**Goal of the exercise:** Return an exact copy of the lines from the one holding "Birkenstock Tote Bag - image 2" to the end of the data, including both the starting and final lines. Leave the pictures out.

**Data section:**
○ ○ ○ ○ ○ ○ ○

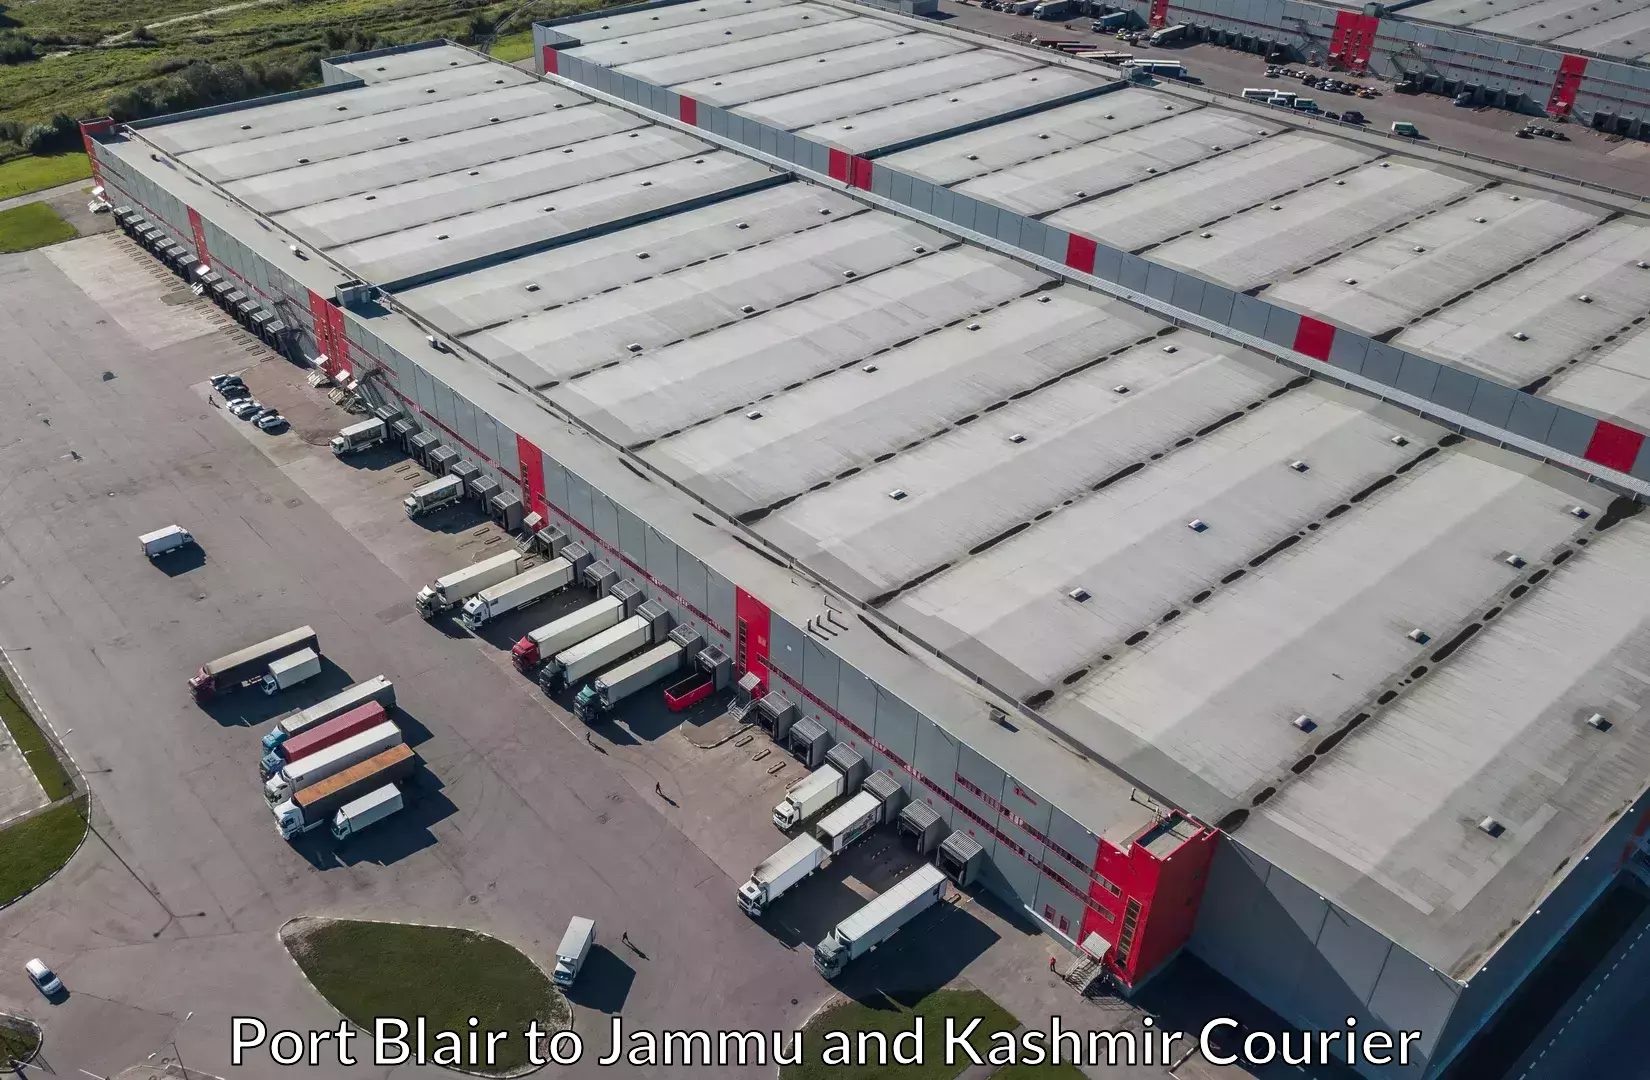 Home shifting experts Port Blair to Jammu and Kashmir
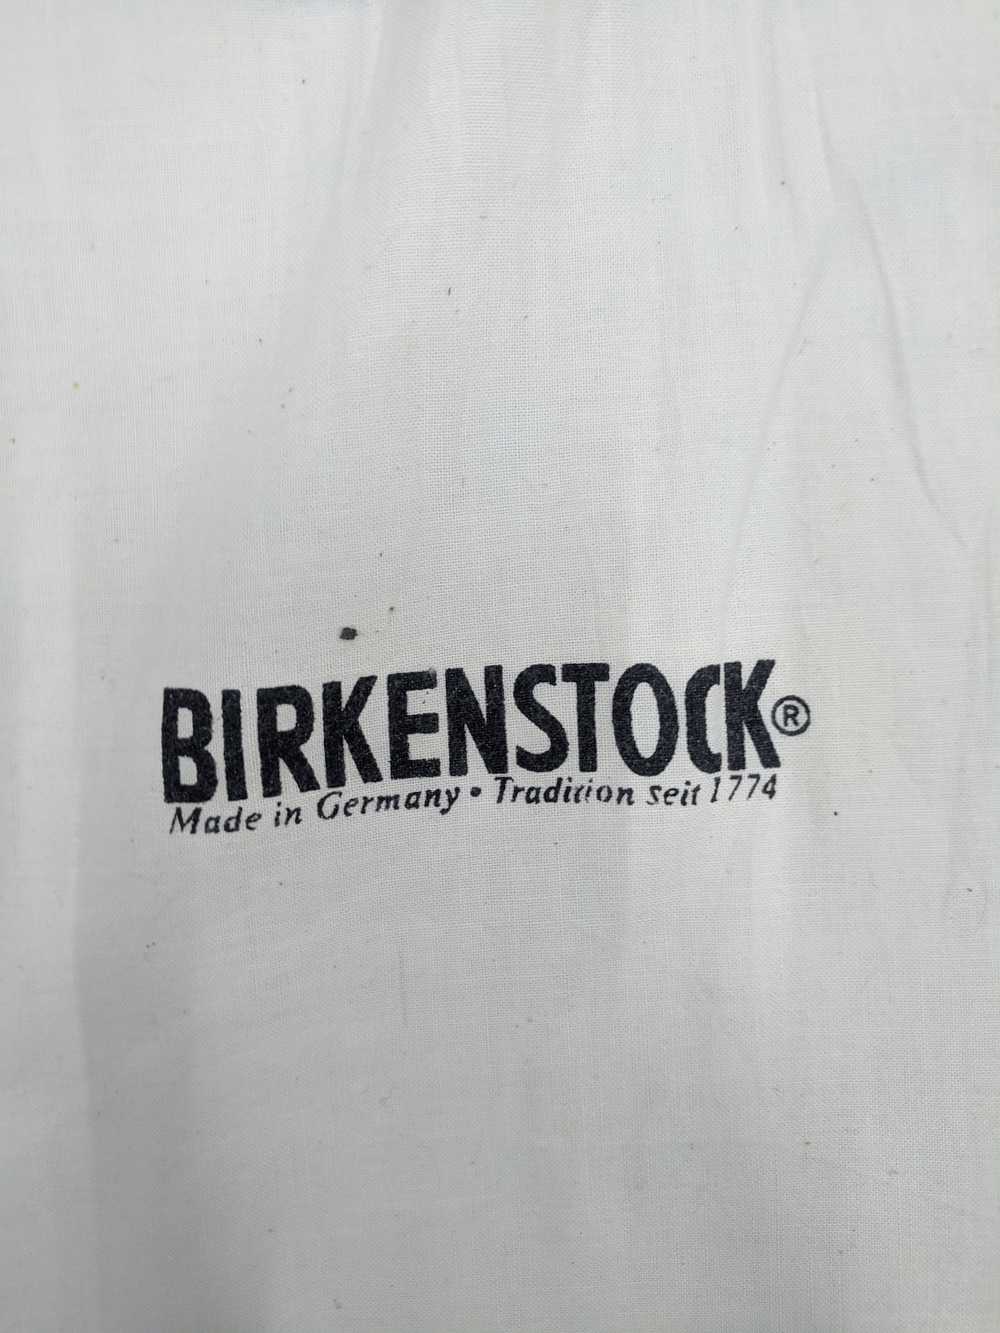 Birkenstock Tote Bag - image 2
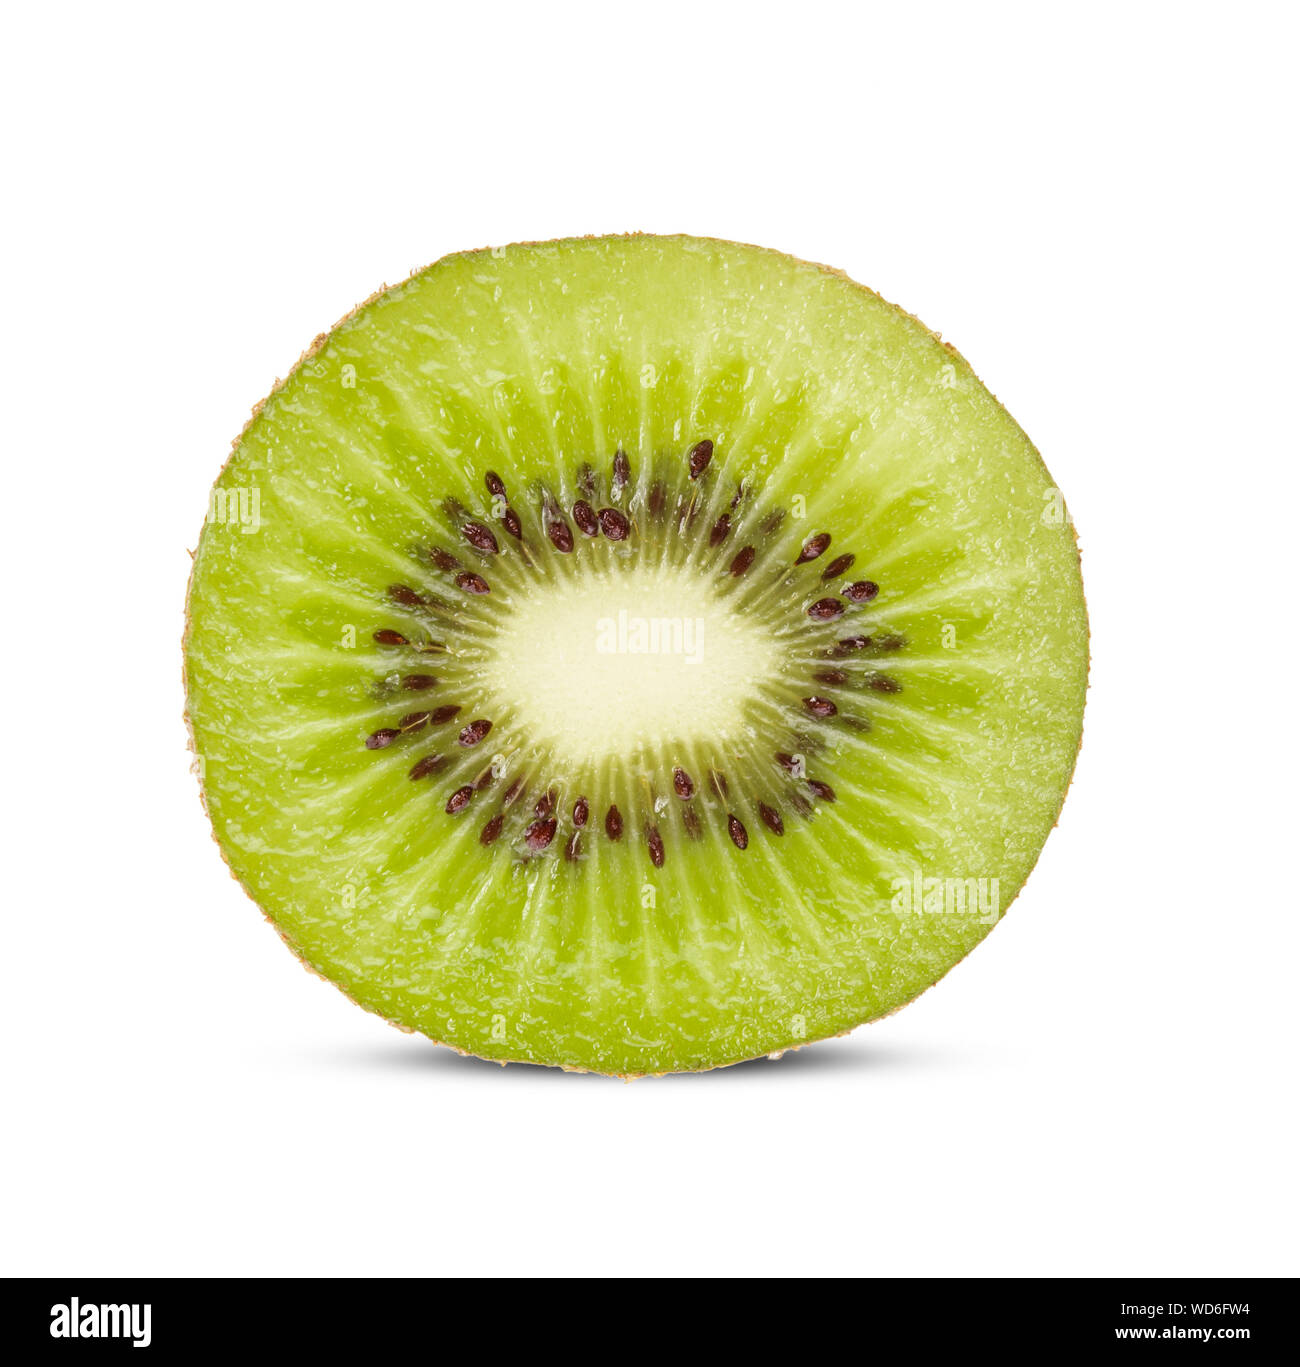 Slices kiwi fruit isolated on white background. full depth of field Stock Photo
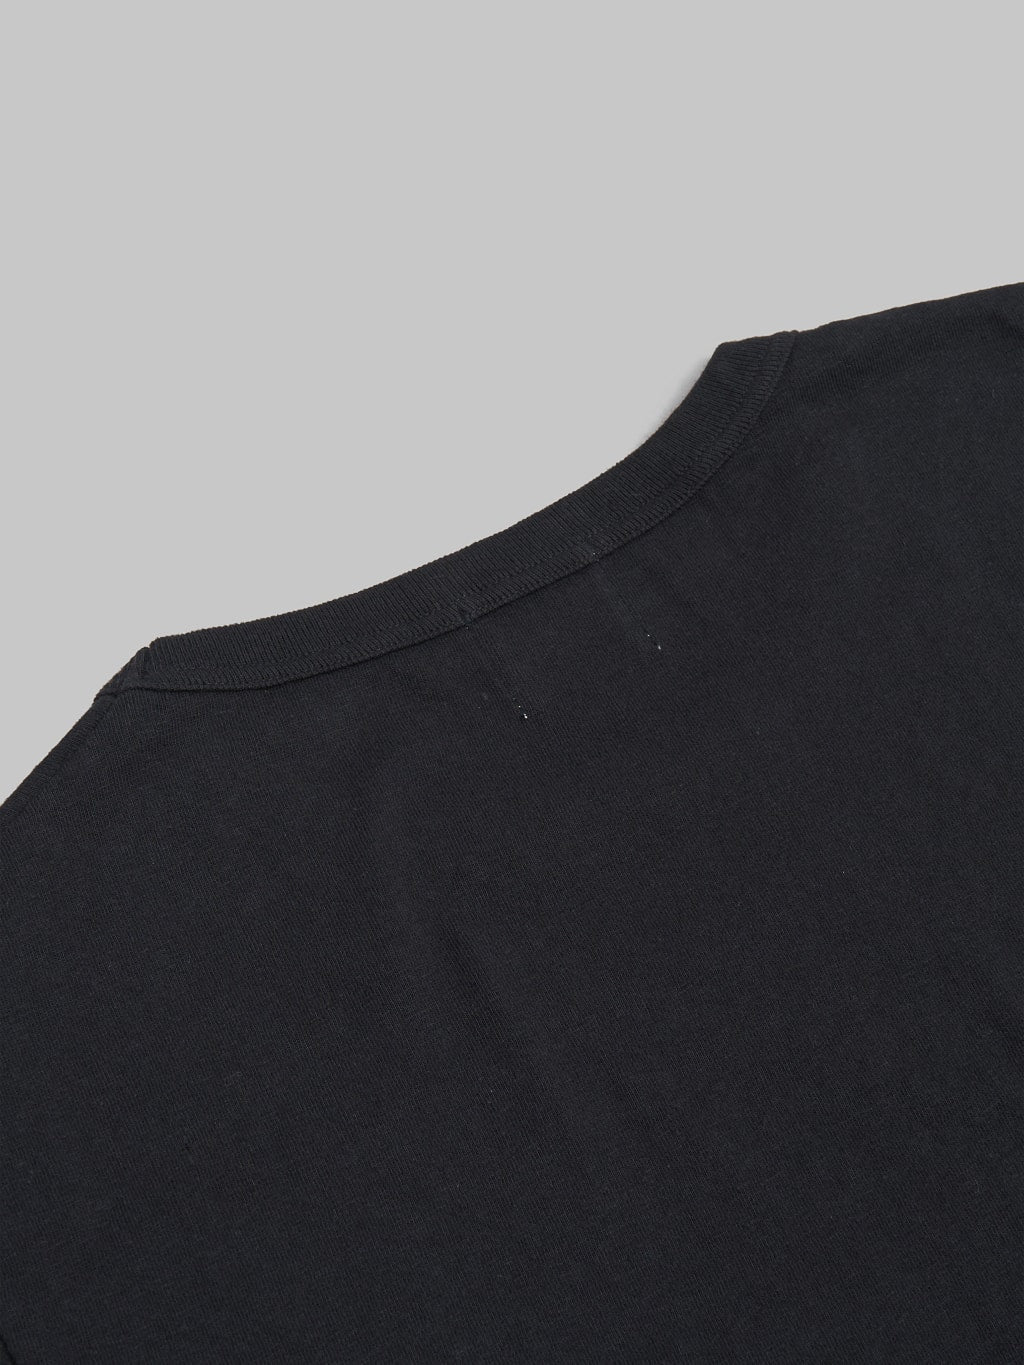 Samurai Jeans SJ2PST-CREW Tubular Black T-Shirt (2 Pack)

○ ○ ○ ○ ○ ○ ○

**Expected output:**
 Birkenstock Tote Bag - image 2
 Slices kiwi fruit isolated on white background. full depth of field Stock Photo
 Samurai Jeans SJ2PST-CREW Tubular Black T-Shirt (2 Pack)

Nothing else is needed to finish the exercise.